- Origin: Canberra, Australia
- Genres: Indie Folk-rock Anti-folk Punk
- Years active: 1989–1993, 1995–2002, 2005
- Labels: Round Records Army of Nerds
- Past members: Barnaby "Baterz" Ward Benjow David M. Lewis Spaemen Kirsty Stegwazi Lillybub Andy Wiffler David Wiffler Razz Mussen Alex Miller Mahatt

= The Bedridden =

Australian band

The Bedridden was an Australian cult band that performed and recorded, somewhat sporadically, between 1989 and 2002. The Bedridden reunited for a series of concerts in 2005 to promote a live album that was recorded in 1998. The band were noted for regular break-ups and constant line-up changes. Song-writing and lead-vocal duties were shared amongst the members of the band, creating a somewhat eclectic style and an evolving sound due to the departure of key members.
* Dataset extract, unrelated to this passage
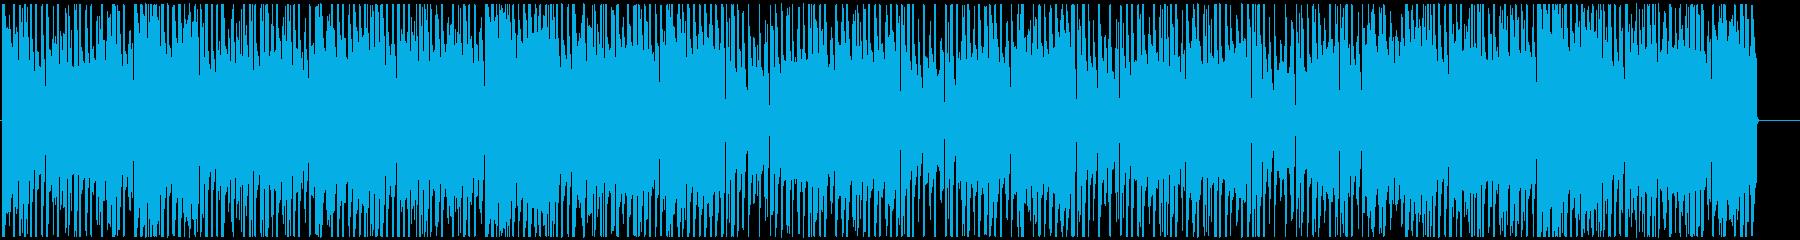 チルアウト 柔らかなR&Bバラードの再生済みの波形
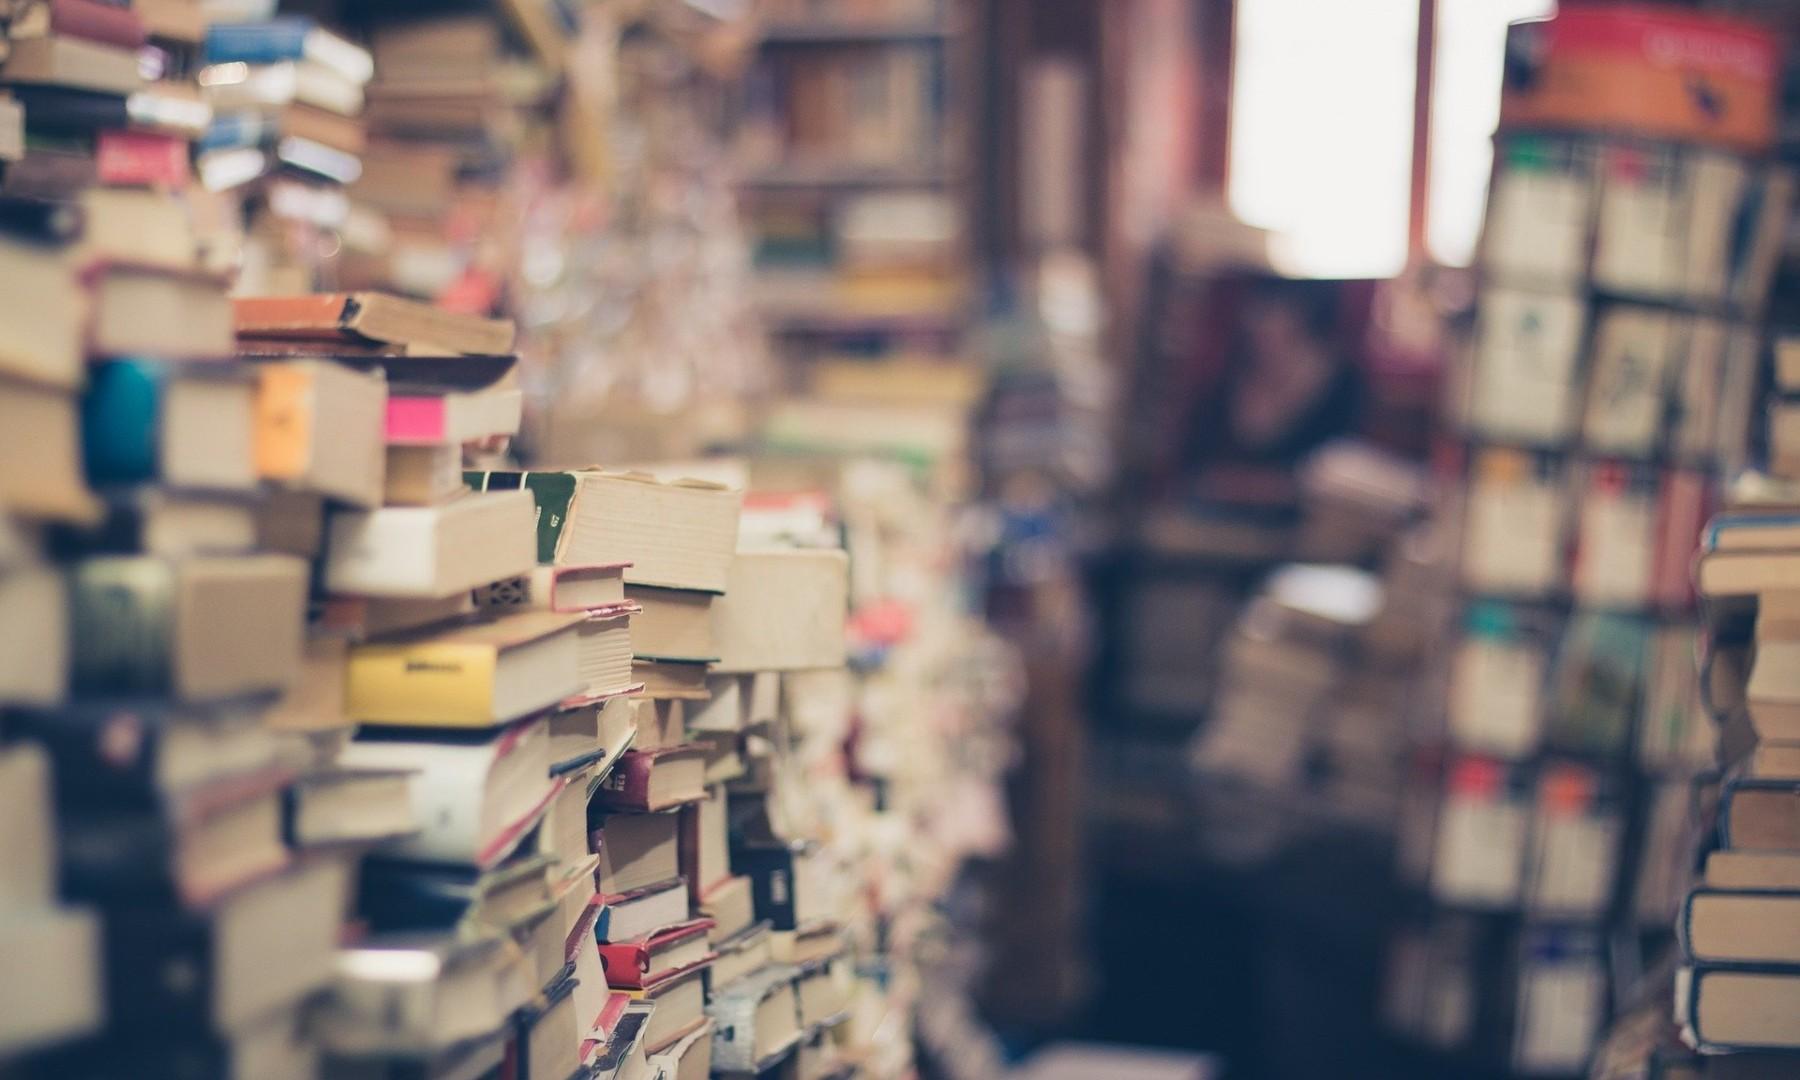 Pasos para quitar el color amarillo de las hojas de los libros

They created a strong fan base around the Australian pub rock scene, especially in Adelaide which was considered to be the home of the band.

== History ==

The group formed in 1989 in Canberra and quickly moved to Adelaide, where the band remained until Baterz's death in 2002. The original members were Baterz (guitar), David M. Lewis (guitar), Spaemen (Steven McKenzie) (bass guitar), Kirsty Stegwazi (guitar) and Lillybub (William Heuzenroeder) (cello).

The group recorded their first album It's All Fun And Games Until Someone Loses An Eye later in 1989 and it was eventually released through the Adelaide-based label Round Records in 1990. The album introduced some of the group's most well-remembered songs, including Bateman's Bay, Stephen McKenzie, and the Sesame Street tune Capital I.

With the release of their first album, the band toured the Australian cities of Canberra, Sydney, and Melbourne, developing a stronger fan base. Their second album, Big Scary Cow, was released in 1992, again through Round Records. This second collection featured Bedridden favourites including 2/11/1968, Midget, and their second Sesame Street cover, Born To Add.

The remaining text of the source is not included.